En China, Bill Clinton recibió como una bendición la pregunta de un tal Lee, oyente del programa Ciudadanos y sociedad, de la Radio Popular de Shanghai: “Un amigo y yo notamos que usted está envuelto en varias actividades y se lo ve saludable, con buena figura, señor presidente. ¿Qué deporte practicaba en la universidad y cómo hace para mantener la energía en su trabajo?”. Transcurría 1998. Era el momento más difícil de su presidencia, jaqueada por su relación con Monica Lewinsky. La oposición republicana amenazaba con someterlo a un impeachment (juicio político). Estábamos todos pendientes en ese viaje de un eventual resbalón en suelo enjabonado.
El tal Lee permanecía a mi lado, fuera del estudio, expectante. Parecía bien entrenado con el micrófono. Clinton, del otro lado del vidrio, era el primer mandatario norteamericano que visitaba China tras la masacre de Tiananmen, en 1989. Debía lucirse con su respuesta. “Cuando iba a la universidad, me gustaba jugar básquetbol –dijo, risueño–. Soy un corredor. Lo he hecho durante casi 30 años. Pero hace un año y medio sufrí una lesión en la pierna y no pude correr durante meses. Comencé a trabajar con StairMaster, esa máquina de los gimnasios. Ahora juego golf. Es mi deporte favorito”.
Con sus palabras, Clinton pudo haber inspirado a uno de los mejores golfistas del planeta, Tiger Woods, tal vez más magullado que él tras la procesión en caravana de 10 mujeres que confesaron haber sido sus amantes. El golf no tiene la culpa. Es inofensivo, creo yo. Michael Jordan, estrella de los Chicago Bulls y de la película Space Jam, cambió el básquetbol por el golf. Barack Obama alterna entre ambos deportes, aunque le hayan tenido que dar 12 puntos de sutura en el labio después de recibir un codazo en un partido de básquetbol con su asistente personal, Reggie Love, y algunos miembros de su familia.
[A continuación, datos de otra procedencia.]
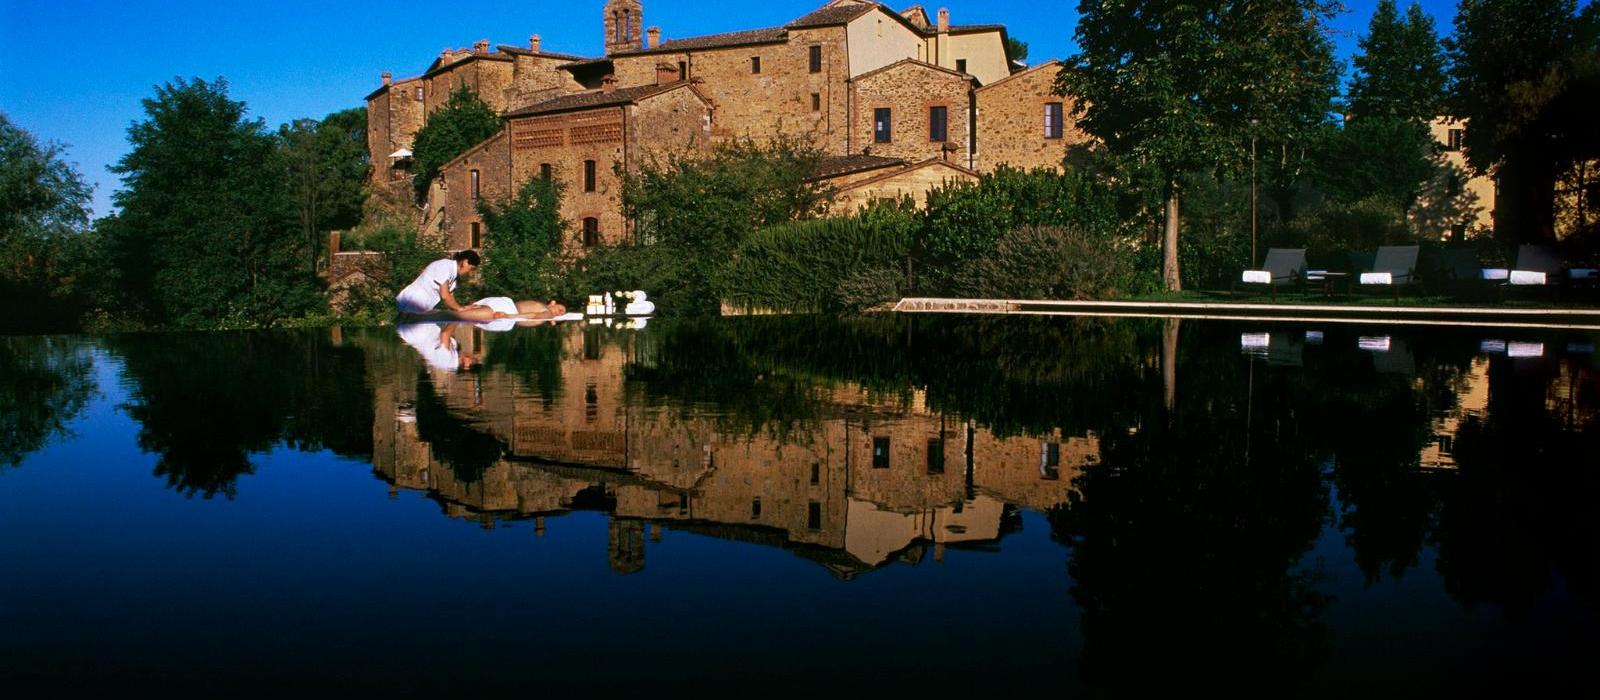 蒙娜斯特古堡酒店(Castel Monastero) 图片  www.lhw.cn

Por el golf recibe golpes de otro tipo. En sus vacaciones navideñas en Hawaii debió pedirle disculpas a una pareja de capitanes del ejército que tenía organizada su boda en el hoyo 16 del campo de golf Kaneohe Klipper, en la base militar de Honolulu, y debió cambiar sus planes a último momento porque el presidente iba a jugar el mismo día a la misma hora en el mismo lugar. El área debía ser despejada por razones de seguridad. Obama les pidió disculpas tras la ceremonia, a la cual estaba invitado, pero no pudo evitar las críticas por las molestias causadas. Poco antes, durante las vacaciones veraniegas en Martha's Vineyard, también debió pedir disculpas por desenfundar los palos inmediatamente después de condenar la decapitación del periodista James Foley a manos del Estado Islámico (EI).
El golf siempre ha sido el deporte favorito de los presidentes de los Estados Unidos. La mayoría ha despuntado el vicio en el Burning Tree Club, de Bethesda, Maryland, del cual se convierten en miembros honorarios apenas arriban a la Casa Blanca. En el ranking de los mejores figuran John Fitzgerald Kennedy (considerado experto), Gerald Ford, Dwight Eisenhower (superó las 800 vueltas en sus ocho años de gobierno), Franklin Roosevelt y George Bush padre, aunque haya perdido con su par Carlos Menem en la residencia presidencial argentina de Olivos, según el libro Presidential lies: the illustrated history of White House golf (Mentiras presidenciales: la historia ilustrada del golf de la Casa Blanca), de Sheperd Campbell y Peter Landau.
Entre los peores están William Taft (el pionero, cuyo mandato se extendió de 1909 a 1913), Warren Harding, Woodrow Wilson (llegó a practicarlo sin suerte hasta seis veces por semana), Lyndon Johnson y Calvin Coolidge. Ajenos a los palos (de golf, aclaro) se han mantenido Herbert Hoover (entusiasta de la pesca), Harry Truman (adoraba las cabalgatas) y Jimmy Carter (prefería el softbol, el tenis y el aerobismo). De ellos, Harding, en la Casa Blanca de 1921 a 1923, gozaba de pésimo prestigio como jugador. Tenía la excusa perfecta: decía que no podía pensar y charlar al mismo tiempo mientras los hoyos parecían alejarse cada vez más de las pelotitas que lanzaba.